High reliability is recommended in hybrid electric vehicle applications. In this study, a secure power management strategy has been developed for a fuel cell—supercapacitor hybrid electric vehicle. In addition to its ability to detect the occurrence of failures in vehicle power sources, the proposed power management strategy isolates the faulty source and reconfigures the control scheme to always guarantee bus voltage stability and vehicle traction even in faulty situations. The developed power management strategy enhances vehicle comfort and prevents exhausting one source over another by allowing the fuel cell and the supercapacitor to operate at different power levels. The multiloop control scheme associated with the power sources is highly reliable since both sources can run the vehicle alone and regulate the bus voltage. Vehicle speed and torque controllers are simultaneously tuned using a particle swarm optimization algorithm. Torque and speed ripples are automatically minimized via the use of a new proposed cost function. This approach made the controller design easier and gave the designer the possibility to tradeoff between the variables to be minimized.

1 Introduction

In the last decade, several studies were carried out to investigate alternative nonpolluting energy sources to solve the persisting problem of carbon emission. Vehicle electrification was among the proposed solutions for the elimination or at least the reduction of gas emission.

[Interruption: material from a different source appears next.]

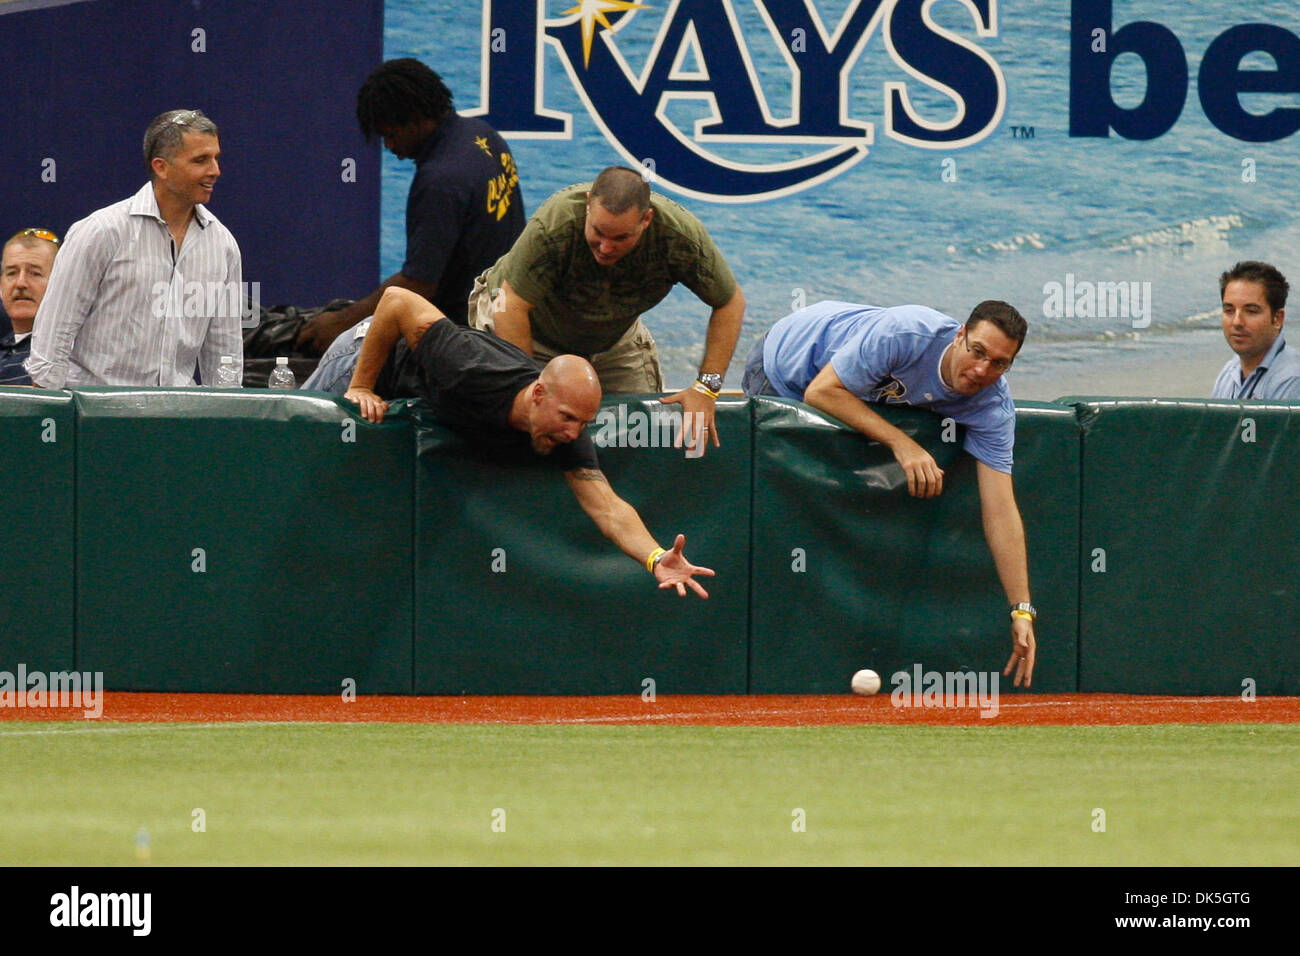 May 5, 2011 - St.Petersburg, Florida, U.S - Fans try and grab a ball during the match up between the Tampa Bay Rays and the Toronto Blue Jays at Tropicana Field. The Rays lead 3 - 0 (Credit Image: © Luke Johnson/Southcreek Global/ZUMApress.com) Stock Photo

This solution has attracted many researchers and different research axes have been born out of the increasing interest given to this idea, such as vehicle safety and security (Sabaliauskaite et al., 2019), energy management (Zhang et al., 2017a; Yadav and Maurya, 2021a; Yadav and Maurya, 2021b; Yadav and Maurya, 2022), power sources protections (Oubelaid et al., 2022a), power train architecture (Wu et al., 2015), intelligent transportation (Oubelaid et al., 2022b; Oubelaid et al., 2022c), and vehicle control (Max and Lantos, 2014; Vajsz et al., 2017; Oubelaid et al., 2022d).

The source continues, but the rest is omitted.